> [WHAT IS EXPECTED]:
A word-for-word reproduction of the data below is needed, with no pictures in it.

> [COLLECTED MATERIAL]:
◇ ◇ ◇ ◇

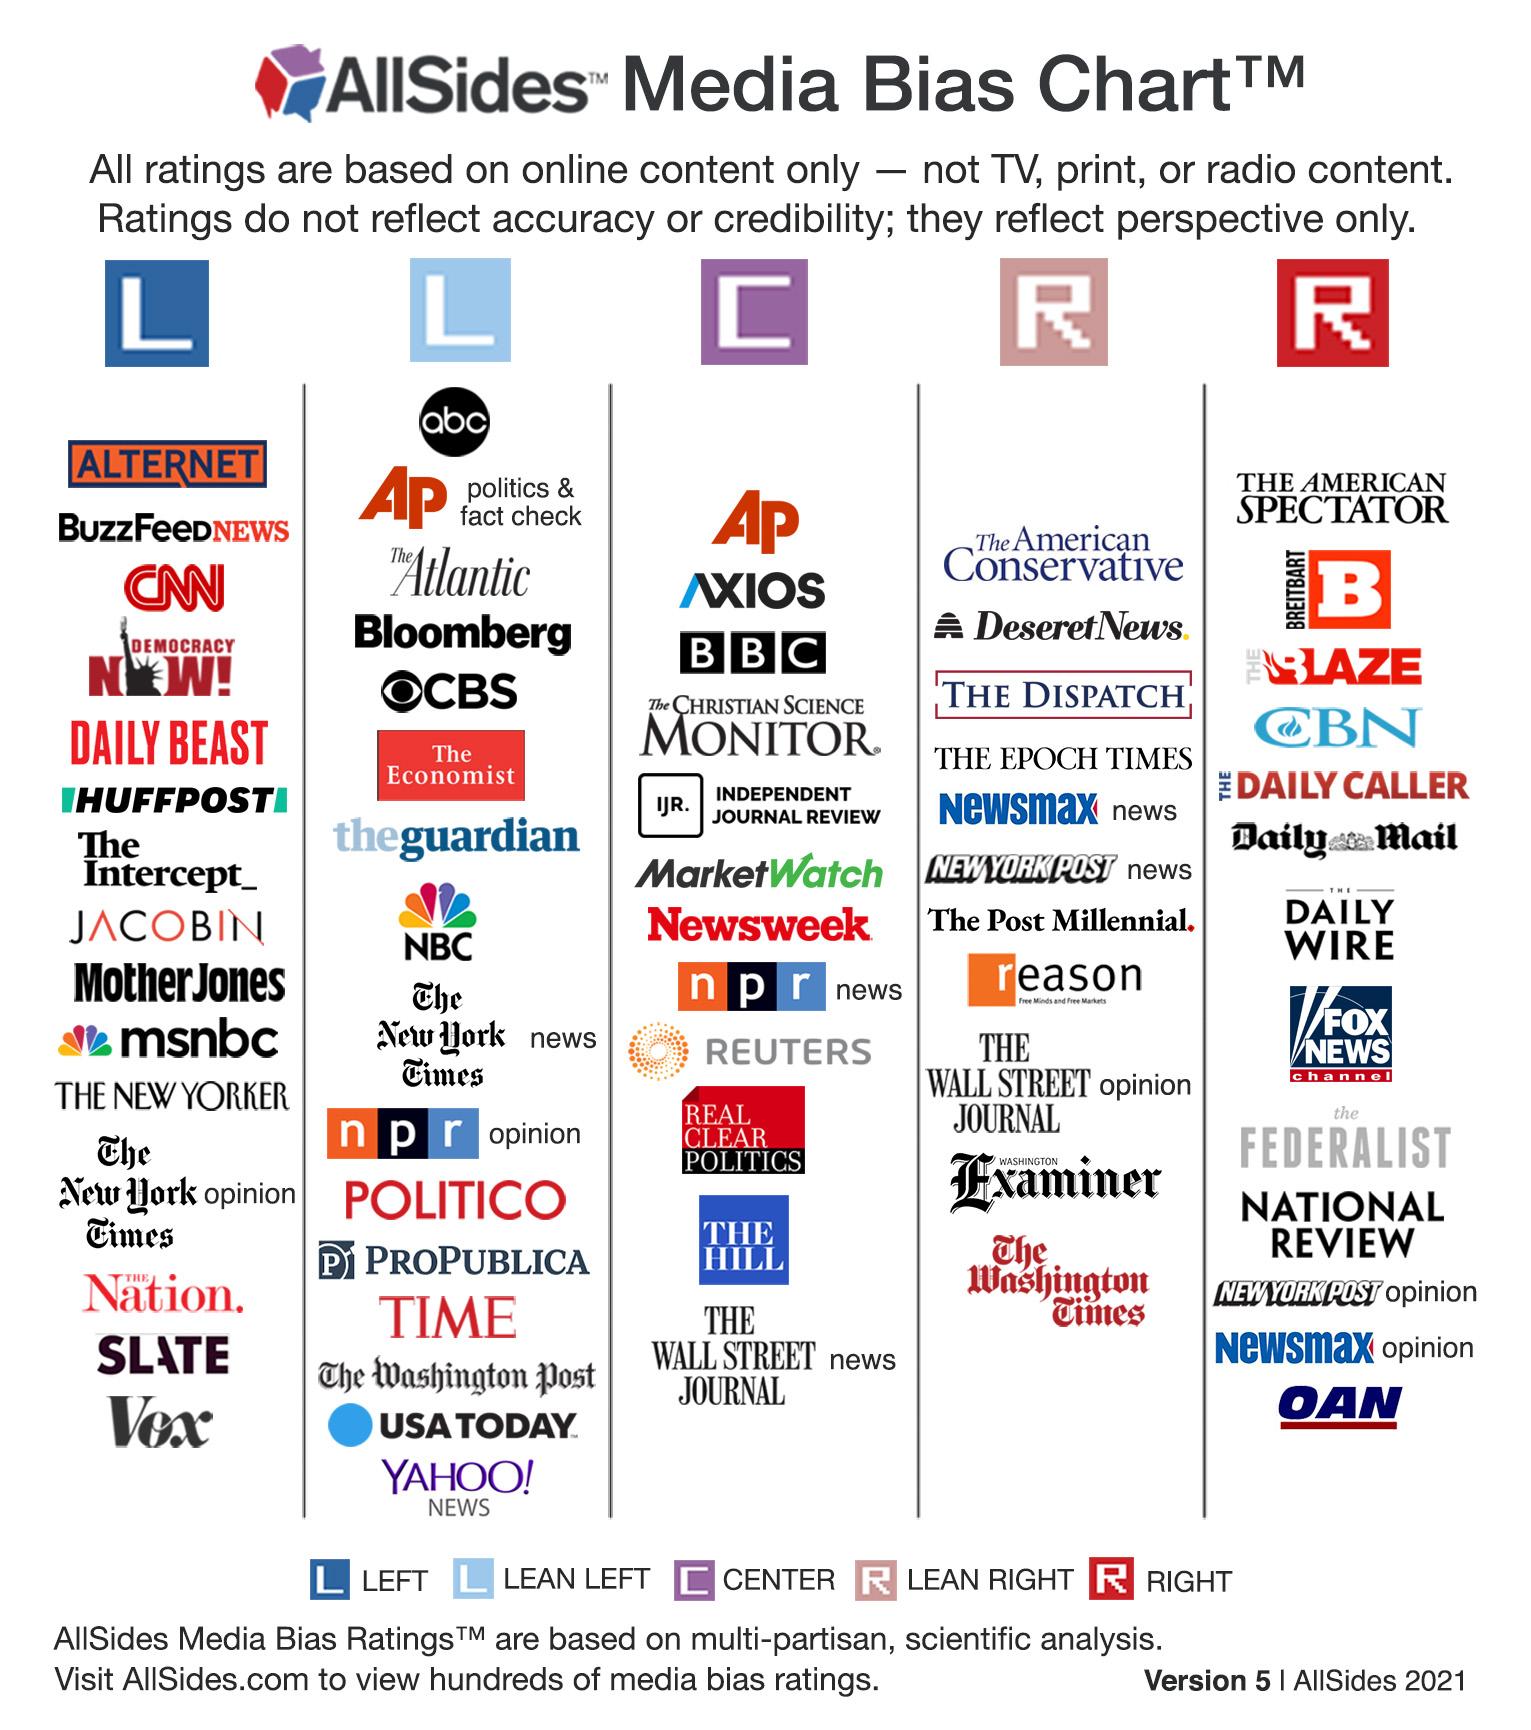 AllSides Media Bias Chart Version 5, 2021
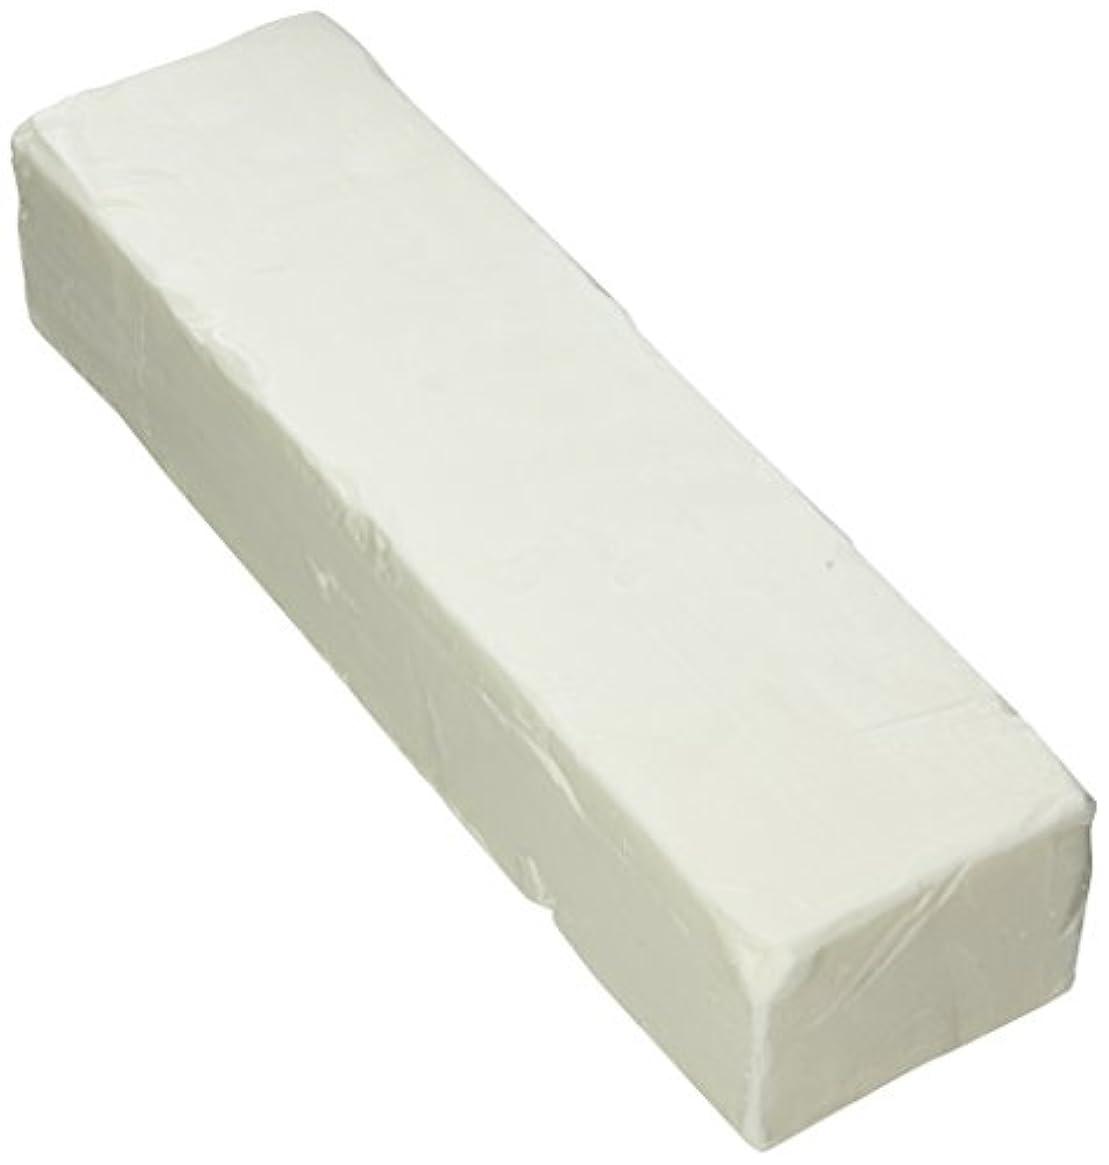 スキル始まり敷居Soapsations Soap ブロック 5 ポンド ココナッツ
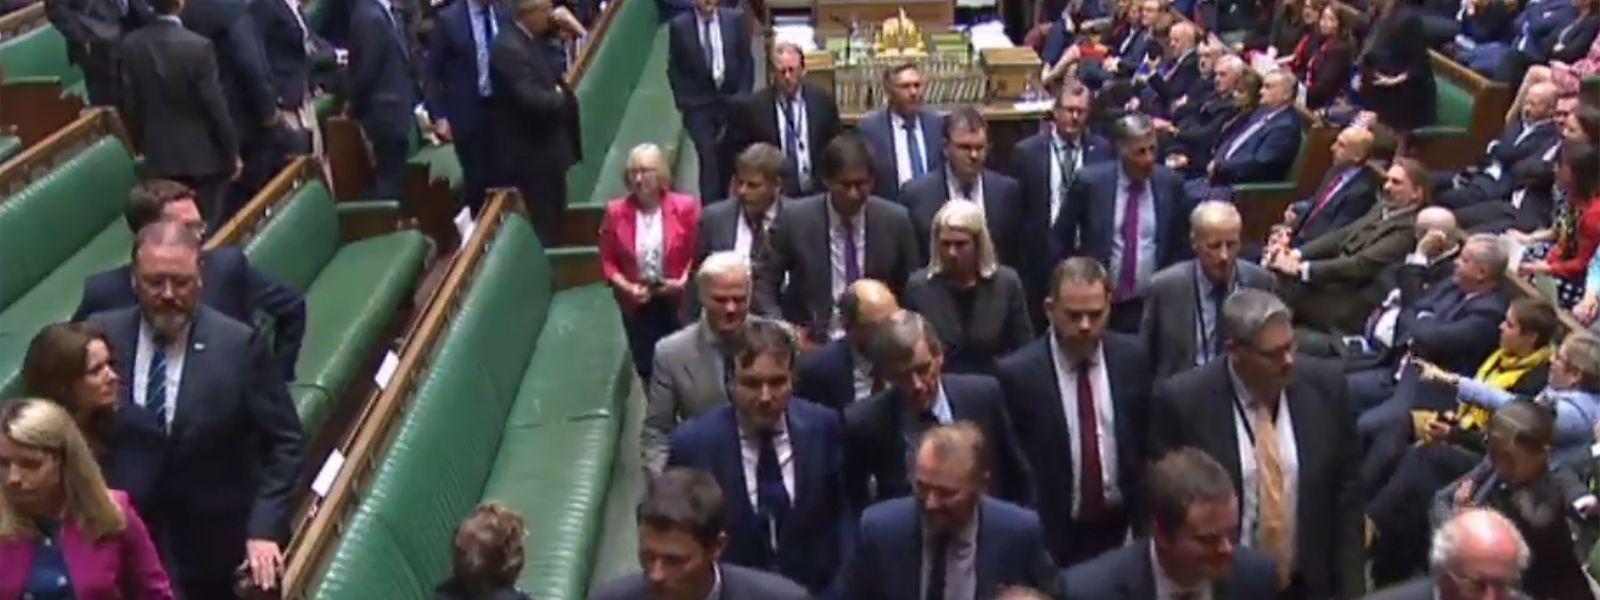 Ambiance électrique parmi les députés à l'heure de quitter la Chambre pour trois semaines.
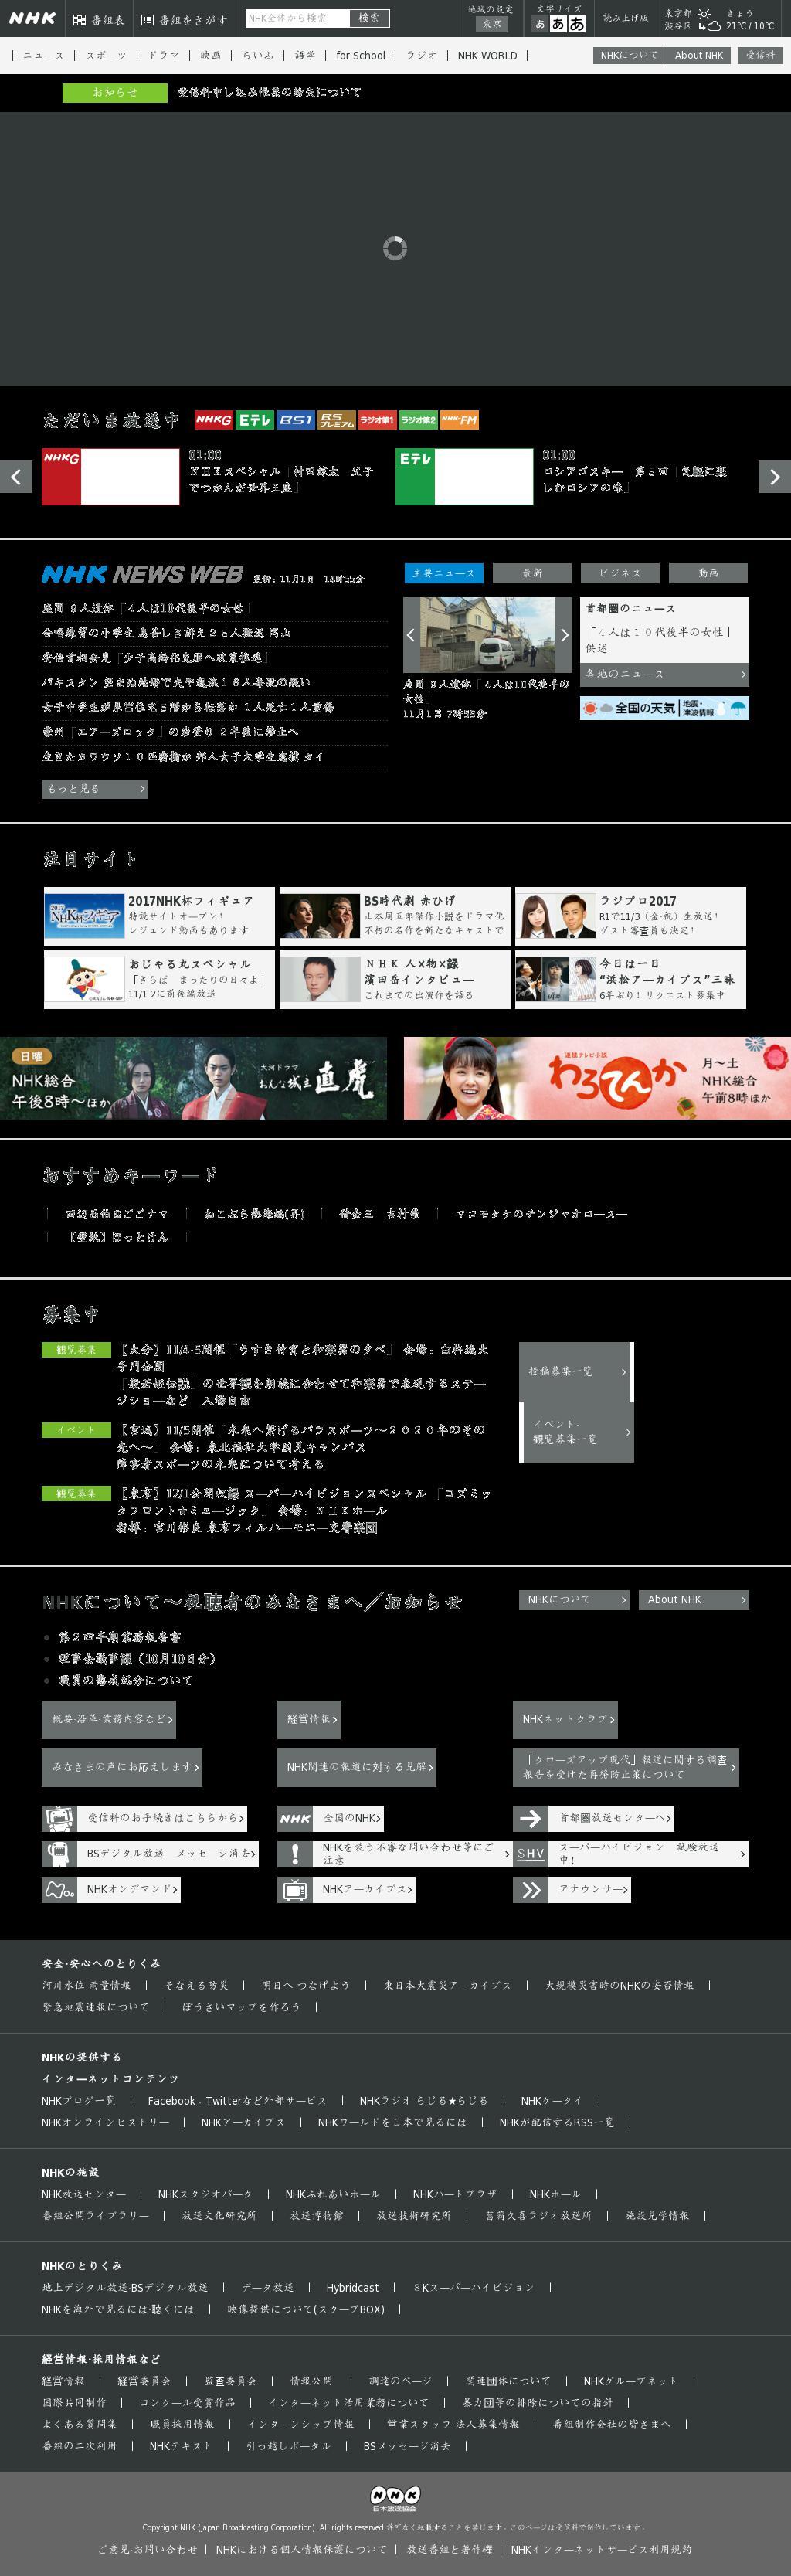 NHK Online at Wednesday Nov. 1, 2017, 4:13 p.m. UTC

◇ ◇ ◇ ◇

> [RESULT BELOW]:
 AllSides Media Bias Chart Version 5, 2021
 スキル始まり敷居Soapsations Soap ブロック 5 ポンド ココナッツ
 Ambiance électrique parmi les députés à l'heure de quitter la Chambre pour trois semaines.
 NHK Online at Wednesday Nov. 1, 2017, 4:13 p.m. UTC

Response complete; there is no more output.